HTC One S review
This 4.3in Android Ice Cream Sandwich handset comes with a 1.5GHz dual-core processor and lightweight chassis, but it's the all-day battery life which is the outstanding feature.
Design and Display
The 7.8mm thick chassis means the device is not much thicker than a pancake. The 119.5g weight, may not make it as light as the Samsung Galaxy S II (116g), but it is noticeably lighter than fellow Android ICS handset, the Samsung Galaxy Nexus (135g). When holding the One S for the first time, you won't believe the battery is sealed inside, it is so light.
HTC has created speaker holes using micro-drilling instead of cutting out a chuck of the chassis and using a plastic grill. This might be a small detail, but provides an exceptional boost to call clarity. Noise cancelling has also been enhanced and we were surprised at the clarity of phone calls when walking down noisy streets such as Tottenham Court Road and Euston Road.
Access to the microSIM slot is provided by flicking off a piece from the back cover. This does feel flimsy, and is the only part of the design which we are not too keen on.

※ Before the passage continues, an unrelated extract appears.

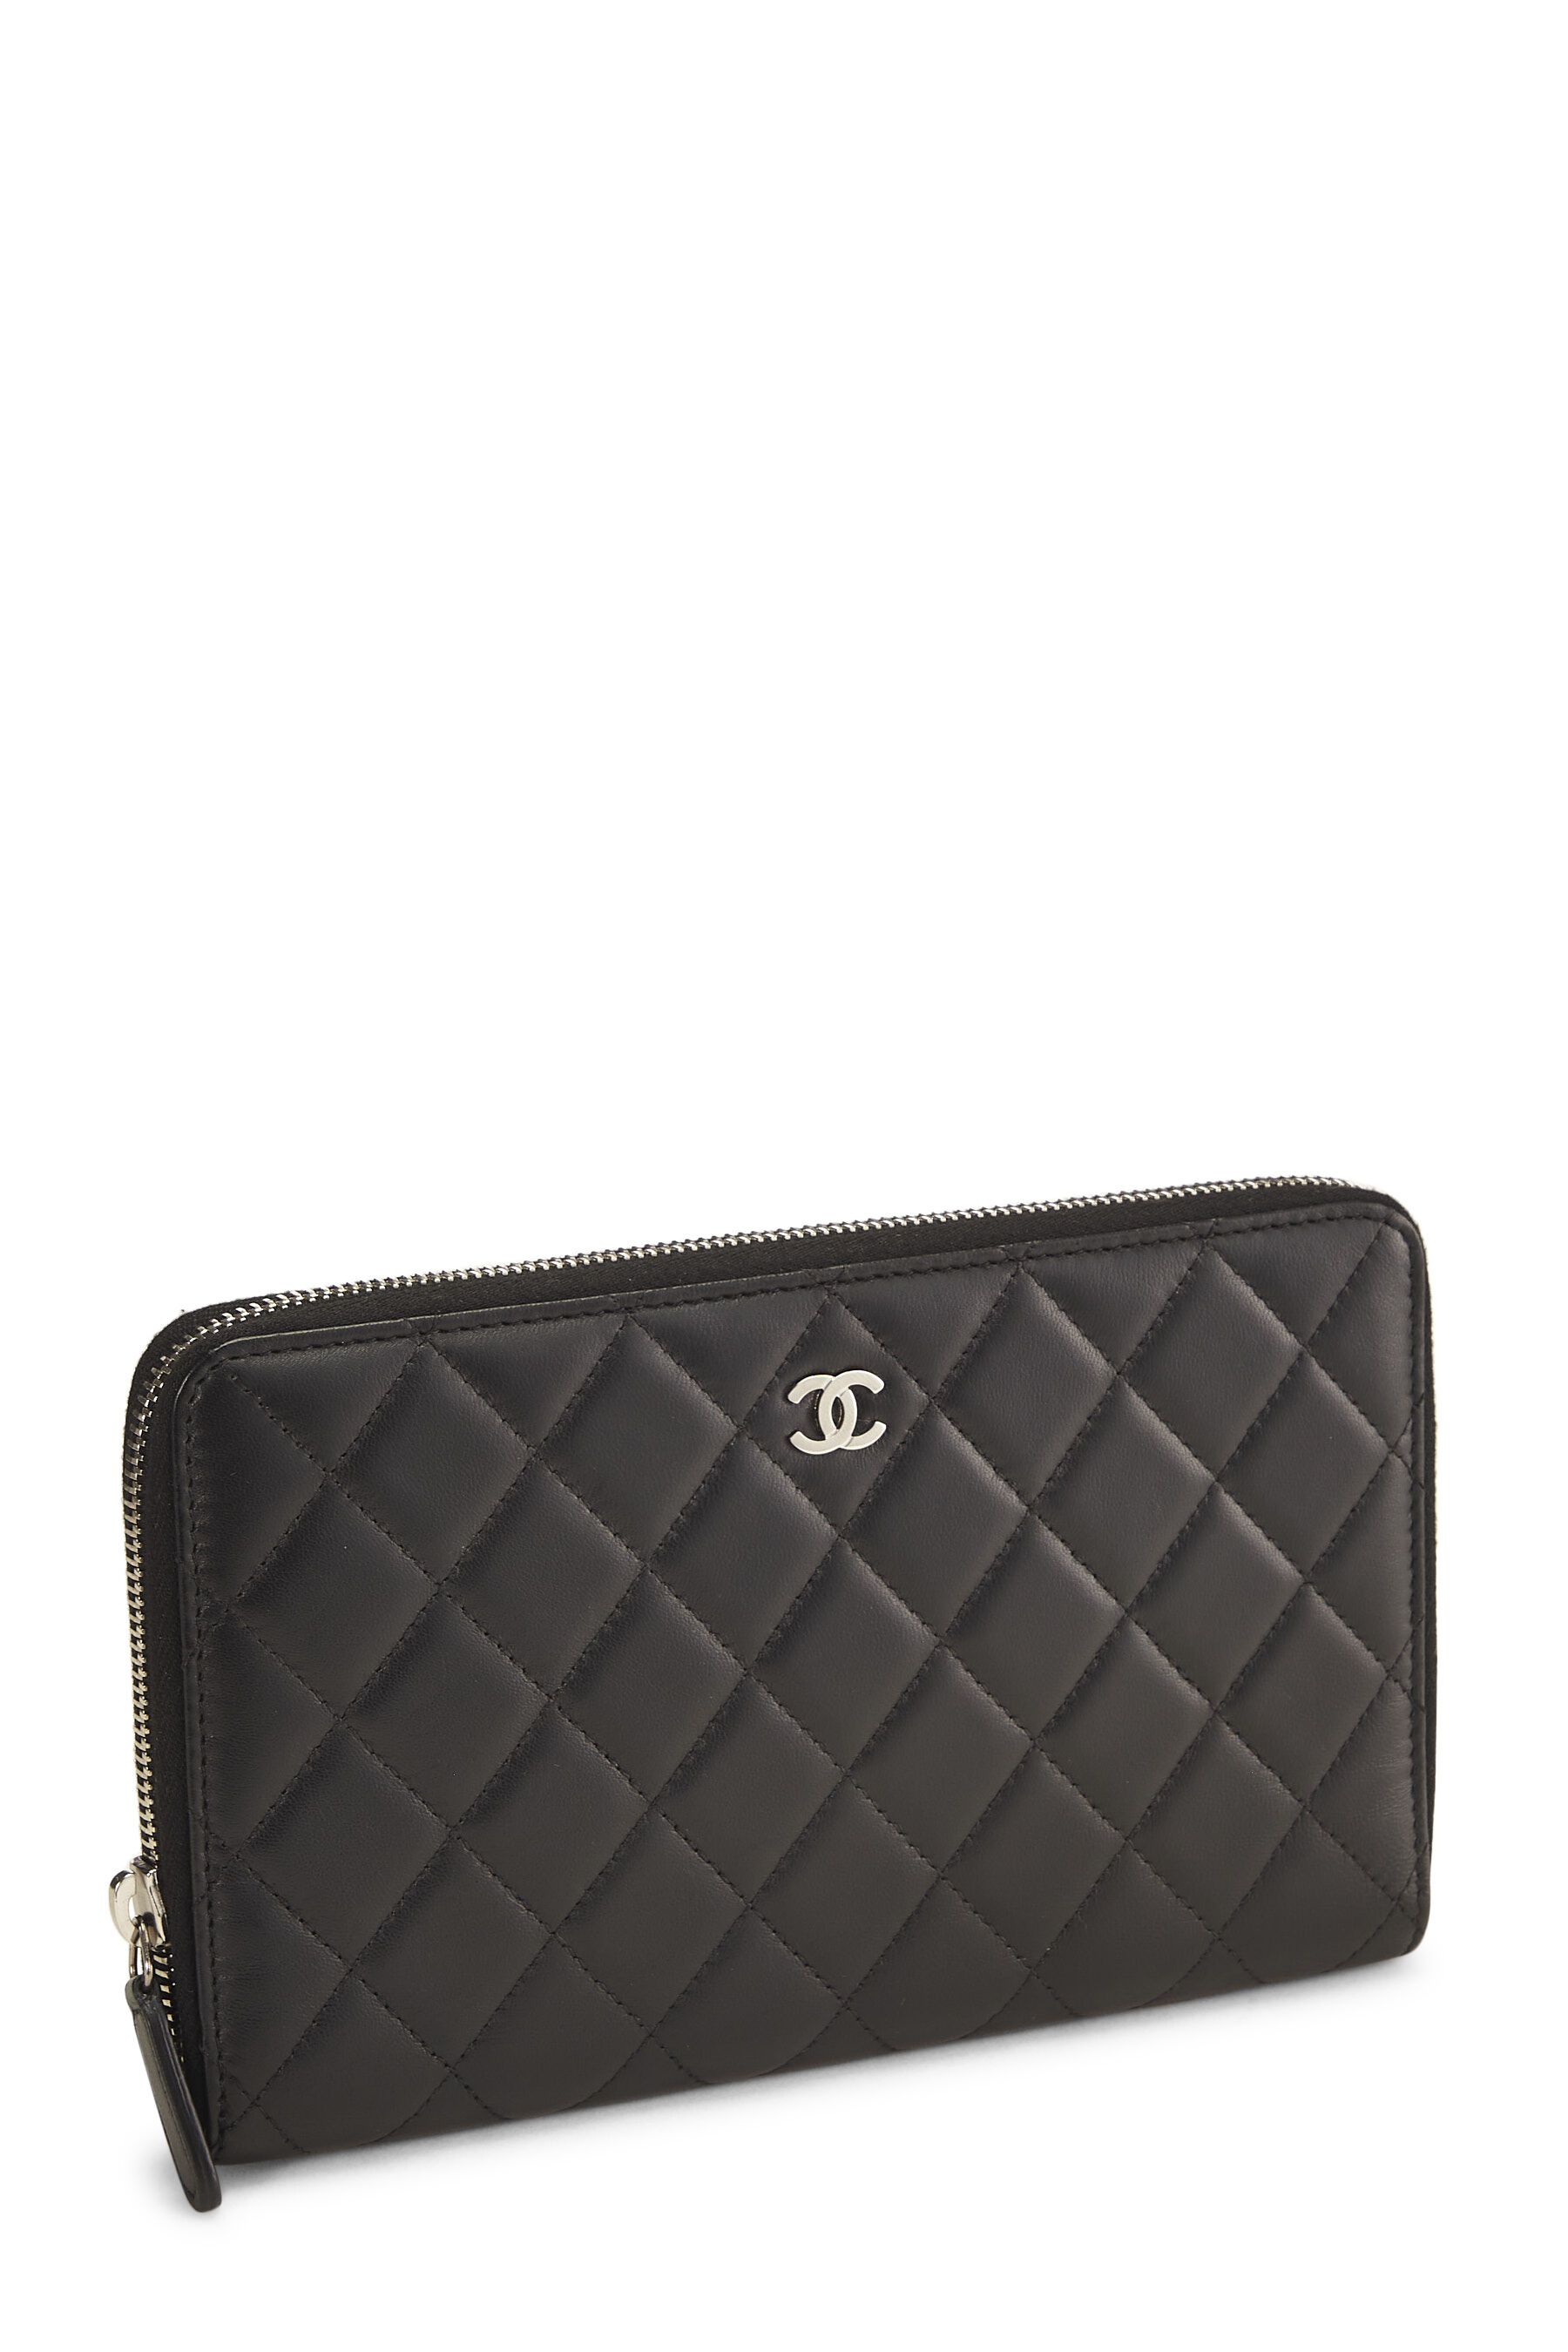 Chanel Black Quilted Lambskin 'CC' Organizer Wallet Q6A0LZ1IKB000

The 4.3in display uses Super AMOLED technology, which provides a 540 x 960 resolution and has a pixel density of 256ppi. This isn't as crisp or bright as the Super IPS screen found on the HTC One X, which has a 720 x 1280 resolution and a pixel density of 312 ppi. However, we had no issues with clarity or colour reproduction provided by the One S.
AMOLED technology is known for providing bright images, and this is particularly noticeable when watching videos. HTC has found the balance between delivering good picture quality and battery life.